The Return of Japan’s Long Lost Telescope

Article by Sean Curtin

Four centuries ago King James I gave Japan its very first telescope, at the time this was a cutting-edge piece of technology. The gift was the perfect symbol to mark the beginning of what was to become an extremely fruitful and long-lasting bilateral relationship. Sadly, the original telescope has been lost to the mists of time, but as part of the Japan400 celebrations in 2013 to mark four centuries since the first official encounter, a new telescope was constructed using traditional methods. The idea of restoring a lost symbolic artefact has deep cultural roots in English mythology and literature stretching back to the Arthurian legends.

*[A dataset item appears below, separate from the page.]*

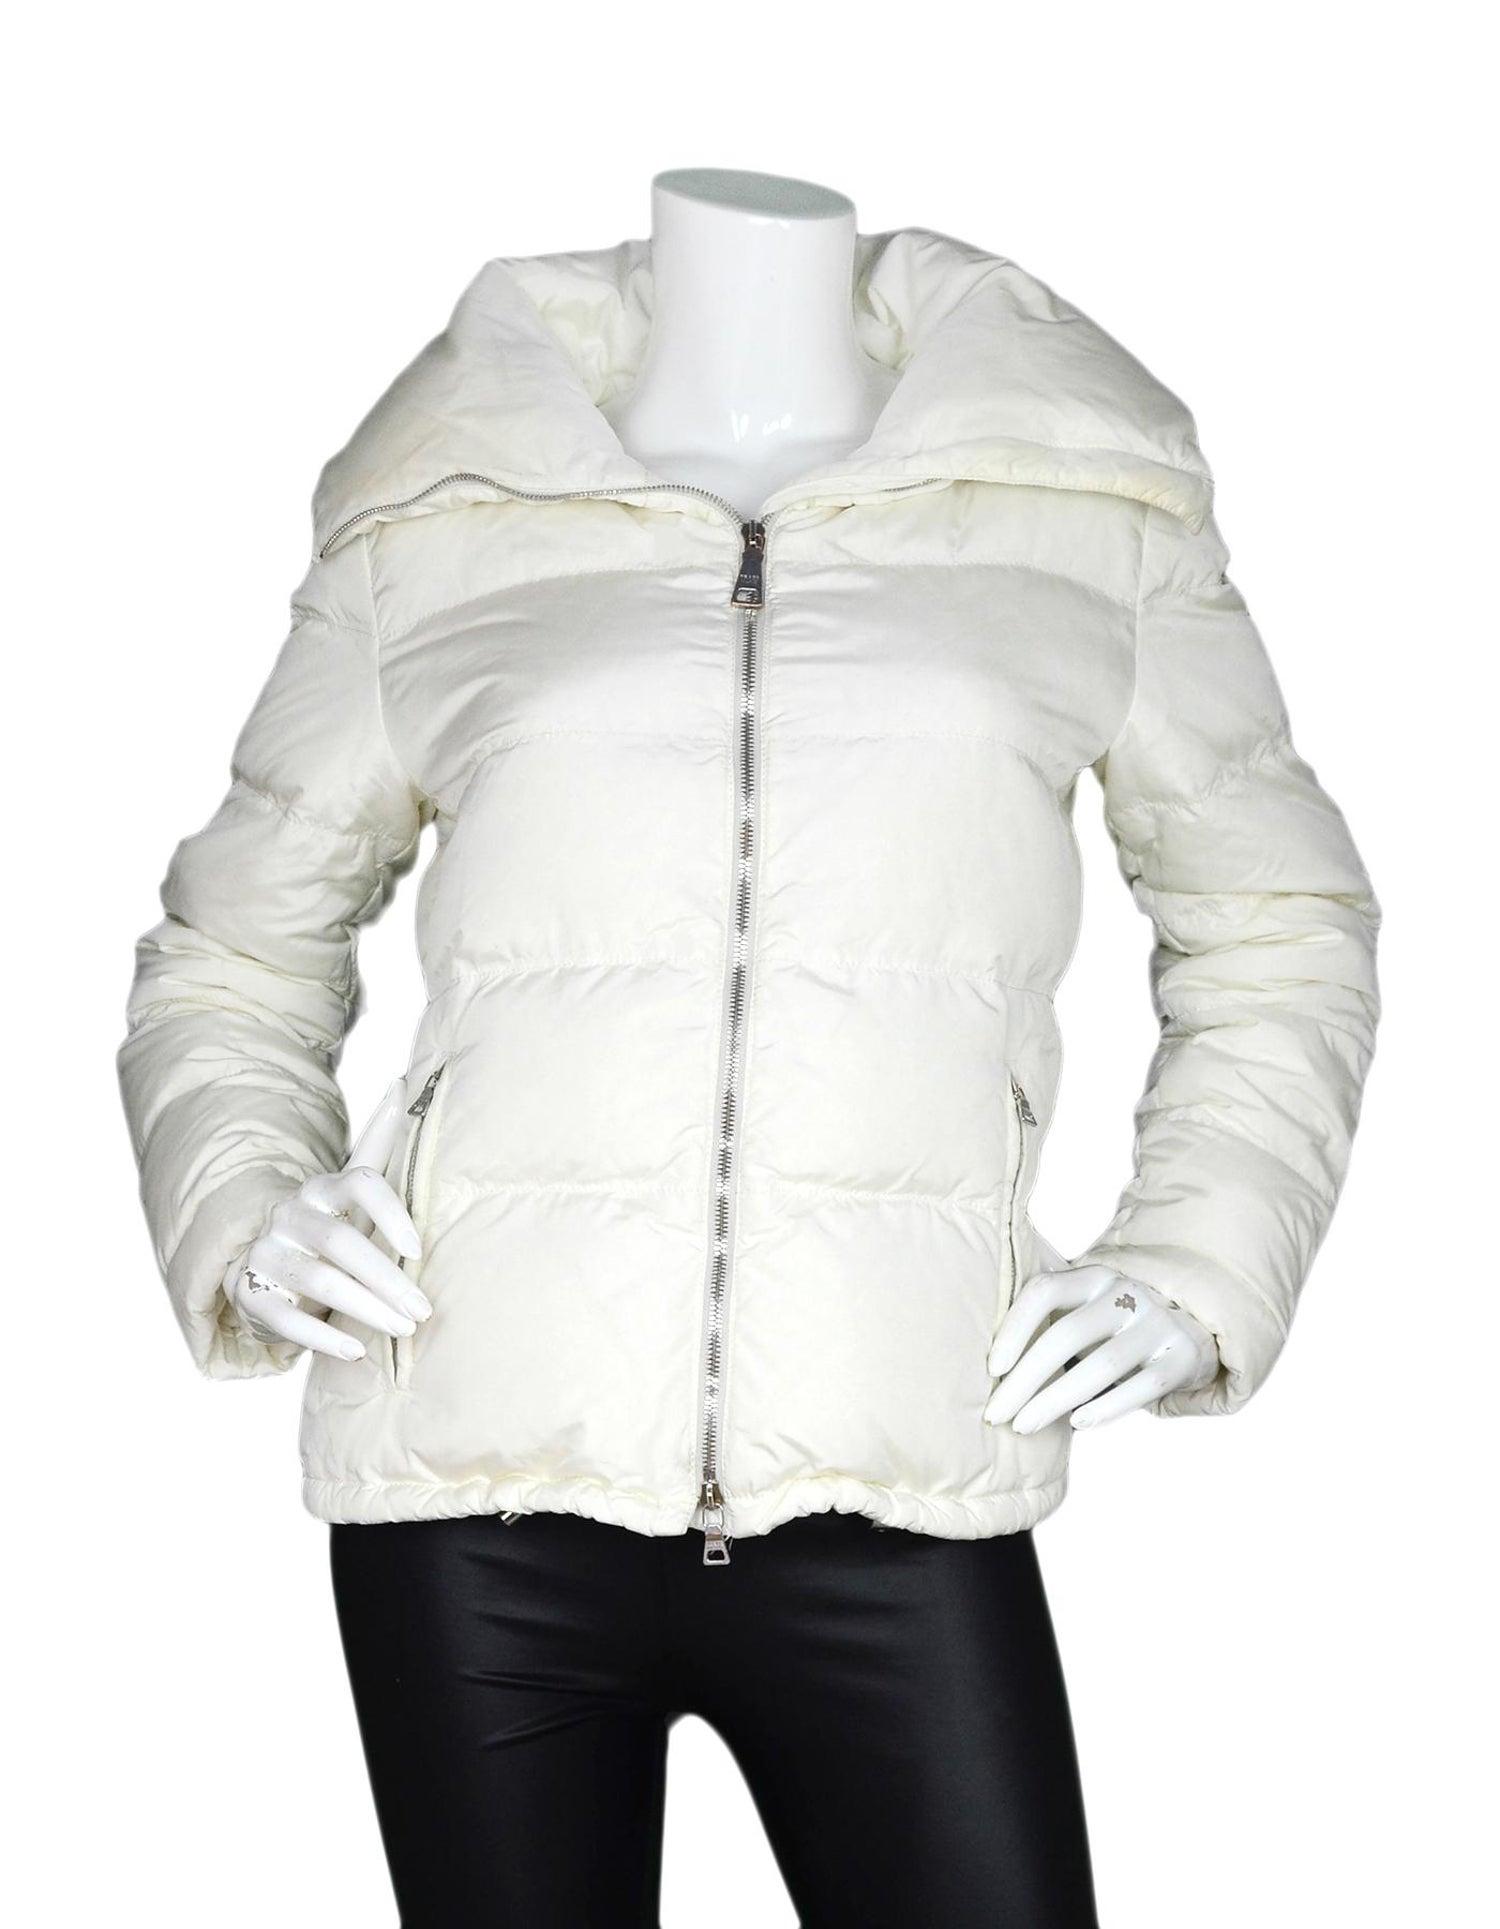 923e218a64c Prada White Down Puffer Jacket Sz 8 For Sale at 1stdibs

The original telescope’s tale begins back in April 1611, when the East India Company ship the Clove, under the command of the intrepid Captain John Saris,  left England and set sail for distant Japan.  The mission was made up of three ships of which only the Clove went all the way to Japan. Saris’ commission was to first go to Yemen and the Spice Islands, primarily to seek trade, and then to Japan, if possible. Because his first two ports of call were not especially successful,  Saris was motivated to go on to Japan.  After a dangerous sea voyage lasting more than two years, the Clove arrived in Japanese waters in June 1613.  It is believed the Earl of Salisbury, a close advisor and Chief Minister to King James, helped supervise the complex task of sending the first British vessel to Japan and organizing the dispatch of the telescope, which was the most advanced scientific instrument on the planet at the time.

This was a daring mission to what was then the very edge of the known world. After sailing along the Japanese coast, Saris eventually landed at Hirado, located in modern day Nagasaki Prefecture. Here he was warmly greeted by the local ruler, Matsura Hoin, the Lord of Hirado. Lord Matsura helped ensure the telescope’s safe passage to Japan’s paramount ruler, Tokugawa Ieyasu. Along with the aid of William Adams, an Englishman who had arrived in Japan in April 1600 on a Dutch ship, Saris was able to gain an audience with the ruling elite and initiate the first official contact.On 8 September 1613, Saris had an audience with the immensely influential retired Shogun, Tokugawa Ieyasu. He gave the legendary leader a letter from King James and several gifts, including the nation’s first ever telescope, a device which had just been invented in Europe. Saris also opened a trading post and factory in Hirado, which he subsequently handed over to his colleague Richard Cocks upon departing Japan in December 1613.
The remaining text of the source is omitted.